DATA SECTION -
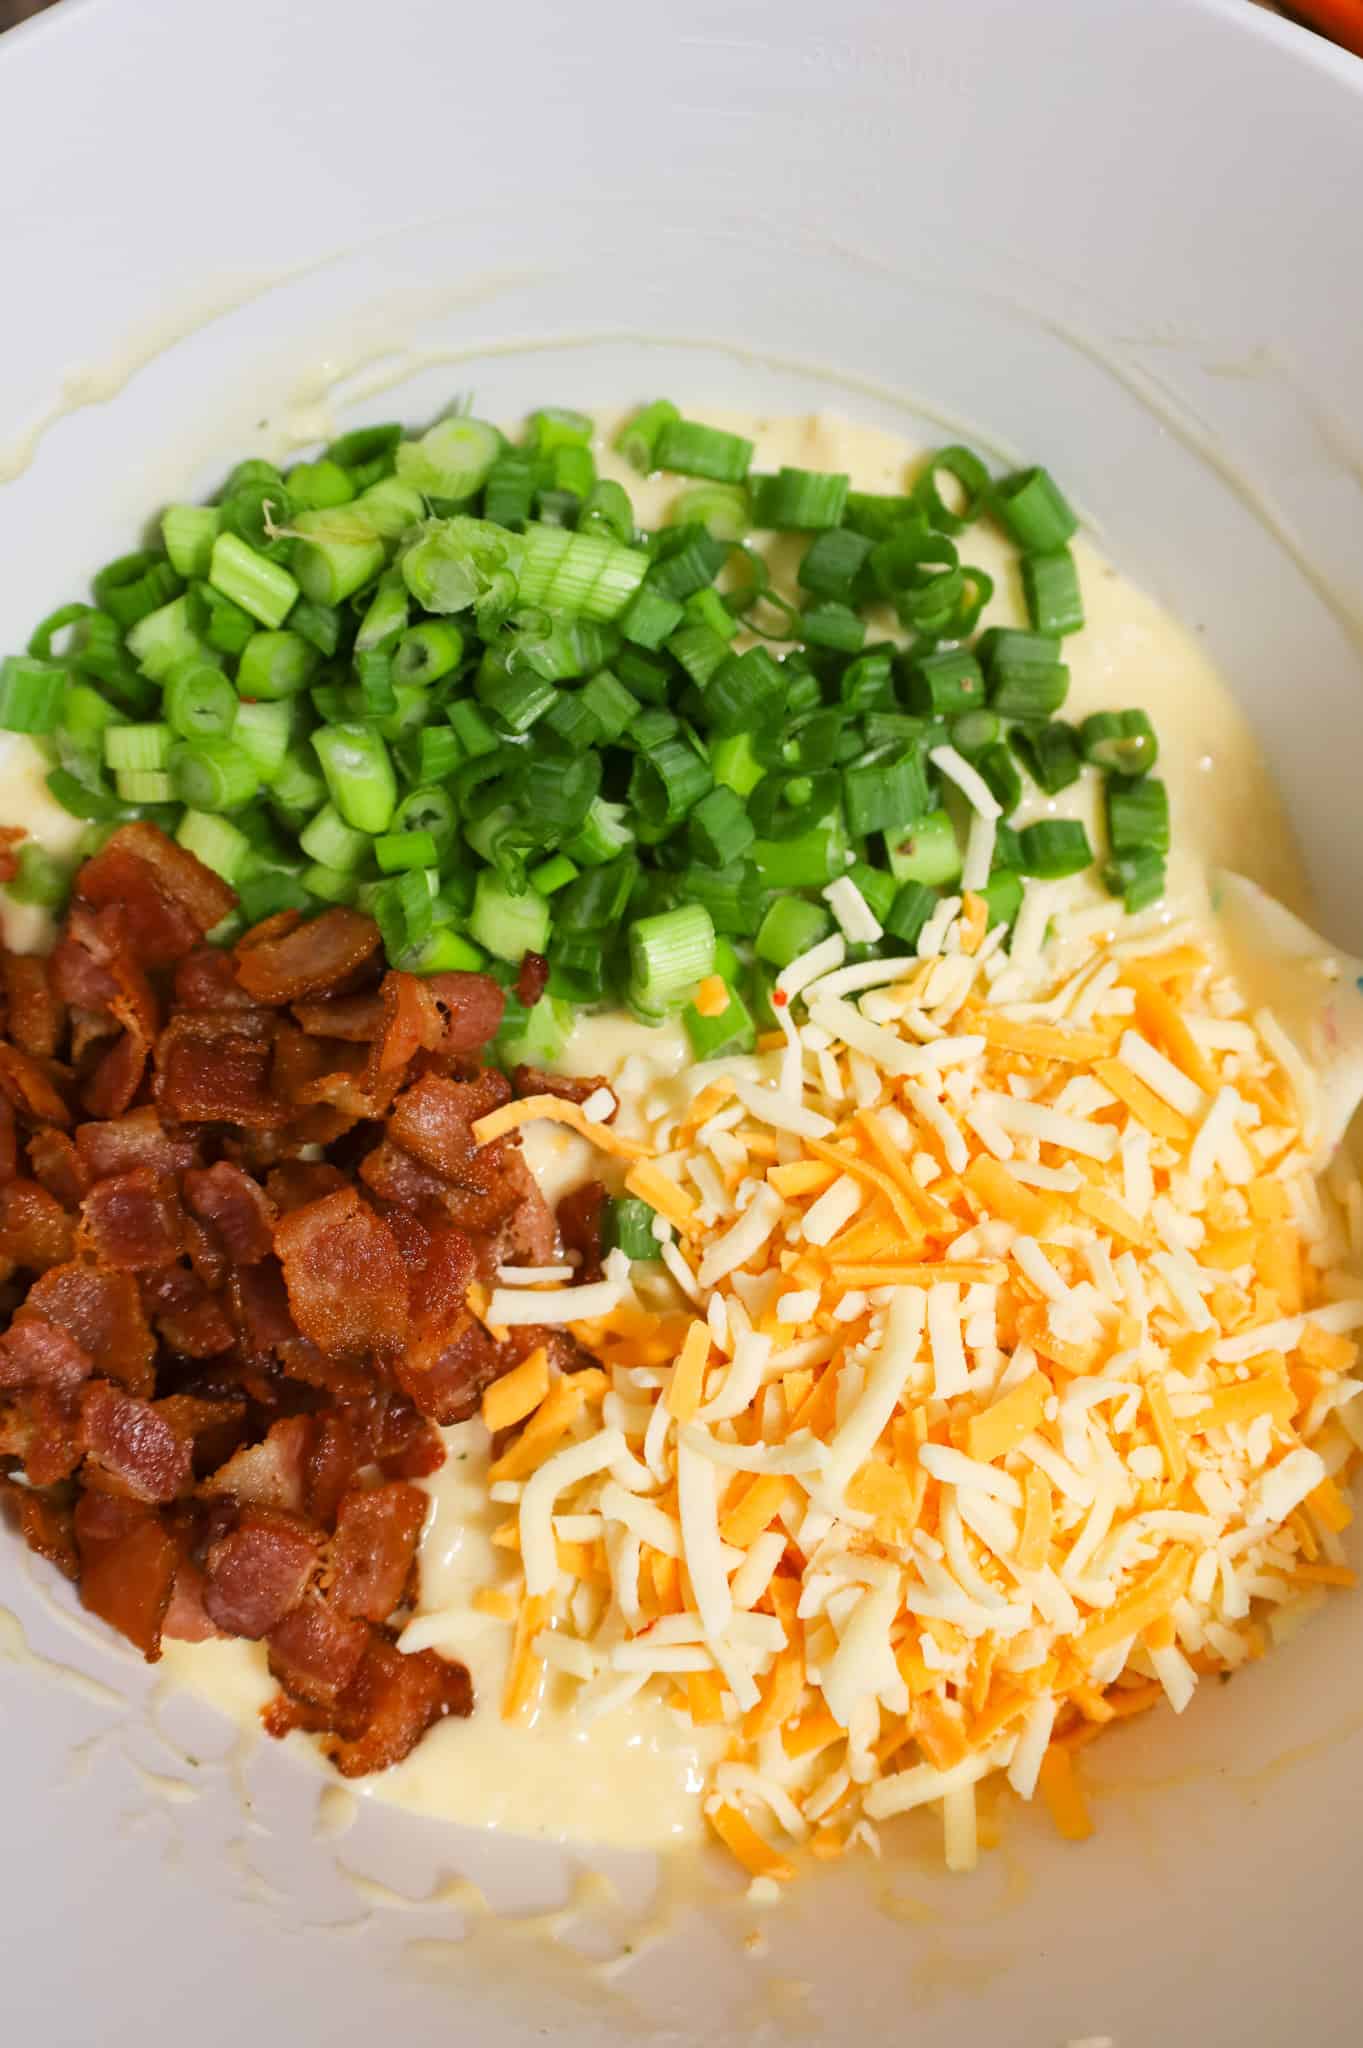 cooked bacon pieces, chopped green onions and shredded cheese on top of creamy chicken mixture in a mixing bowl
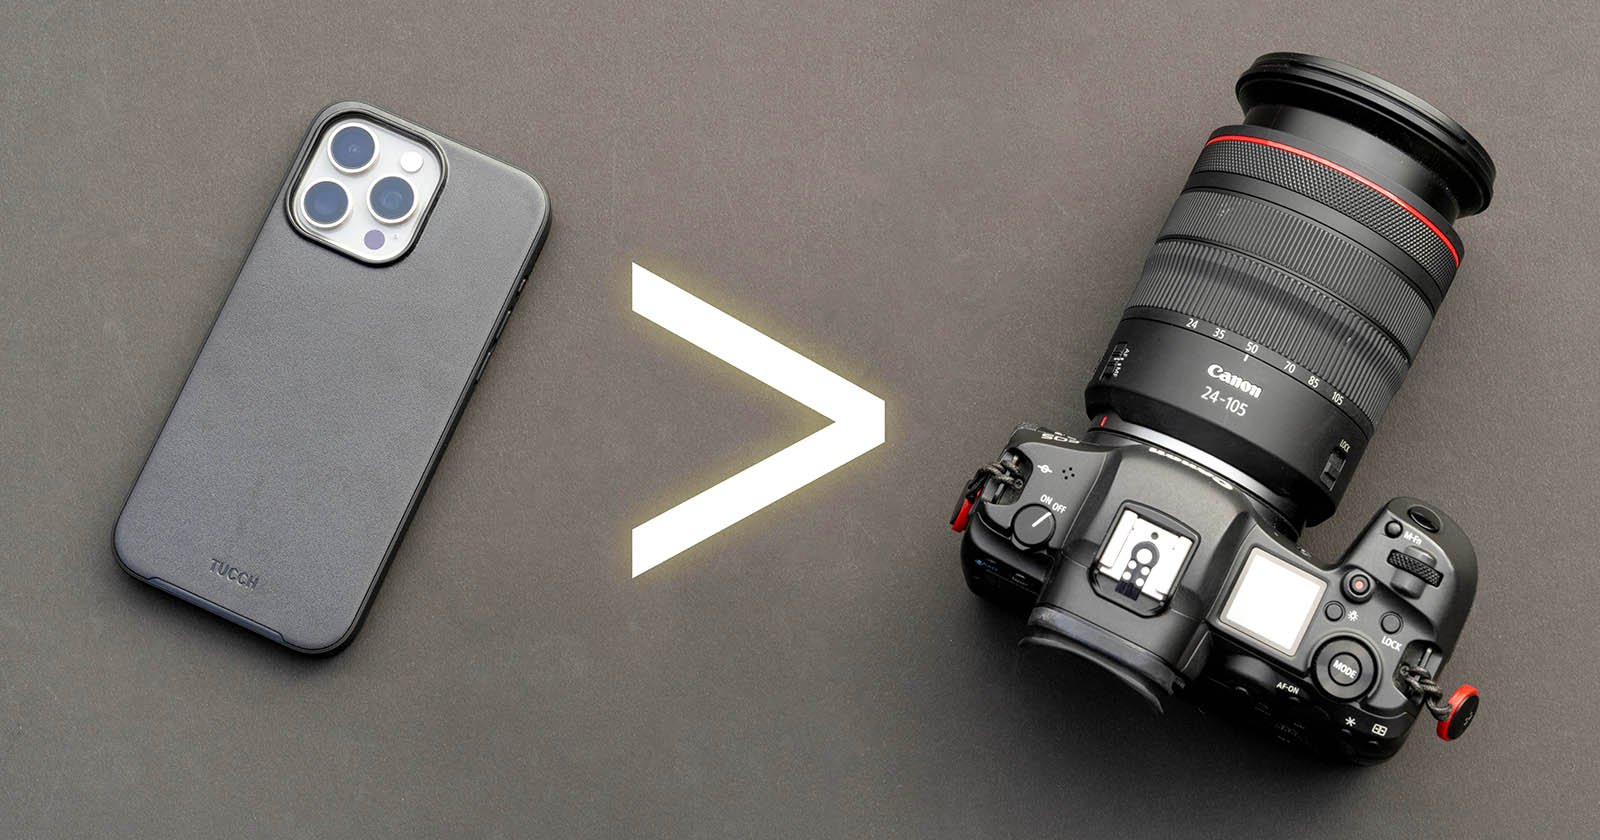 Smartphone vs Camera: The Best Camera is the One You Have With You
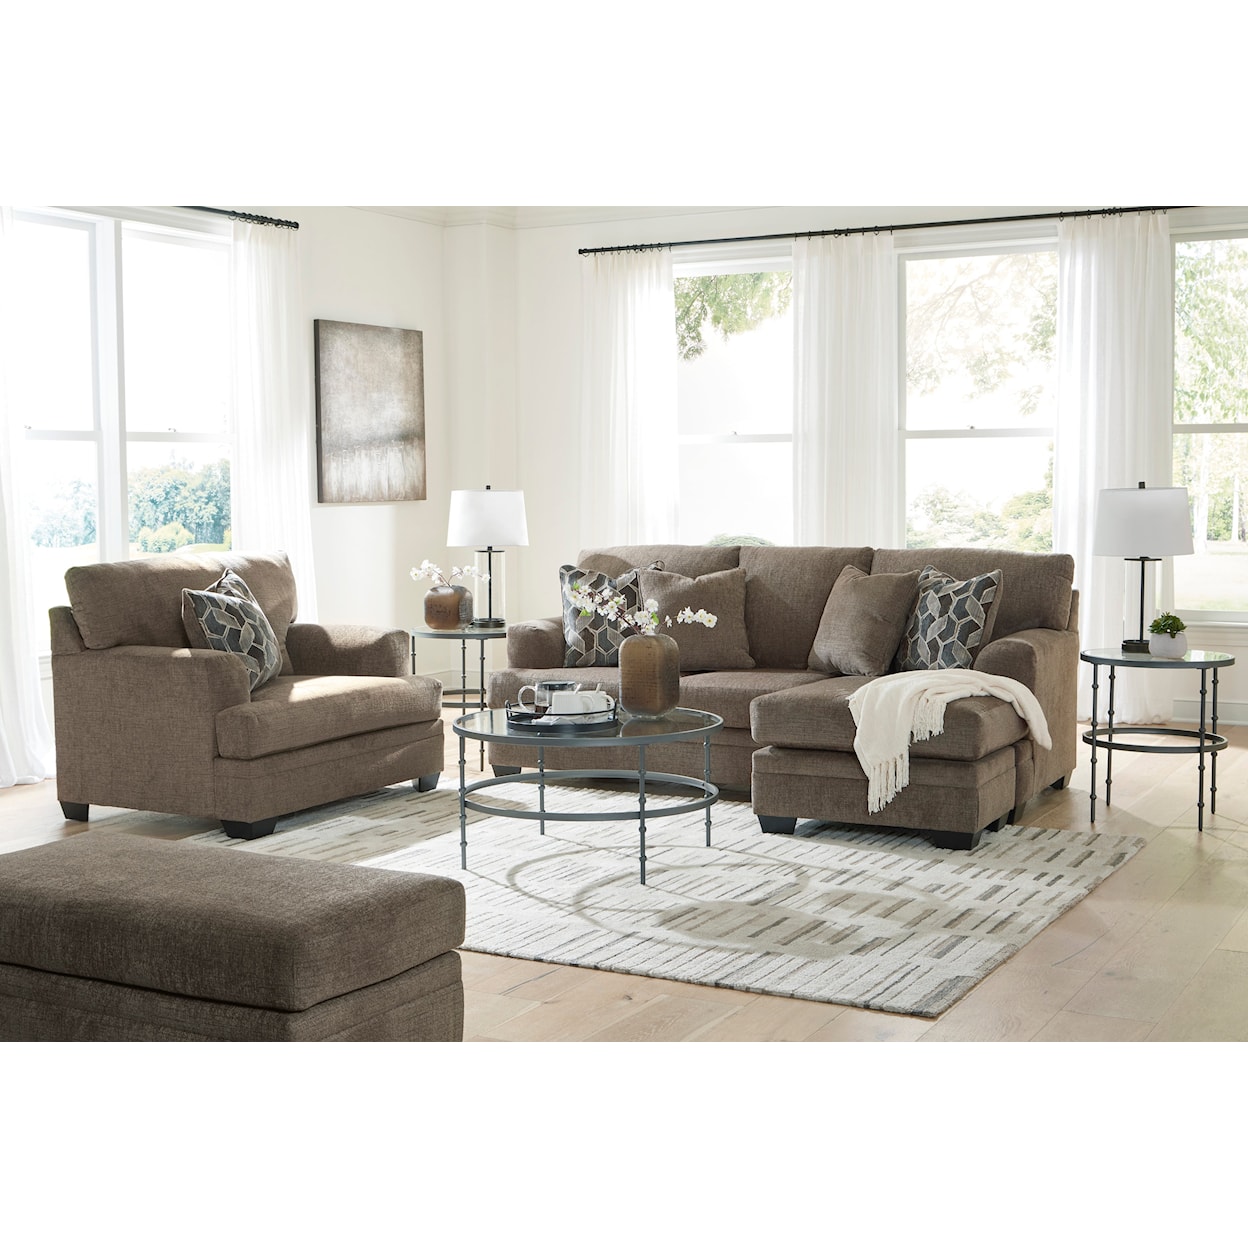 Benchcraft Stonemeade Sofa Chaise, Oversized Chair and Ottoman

EXERCISE DETAILS - Each line from the one that holds "Smartphone vs Camera: The" through the end of the material should be repeated exactly, and nothing more. Leave out any picture.

COMPLETED TASK -
 Smartphone vs Camera: The Best Camera is the One You Have With You
 Benchcraft Stonemeade Sofa Chaise, Oversized Chair and Ottoman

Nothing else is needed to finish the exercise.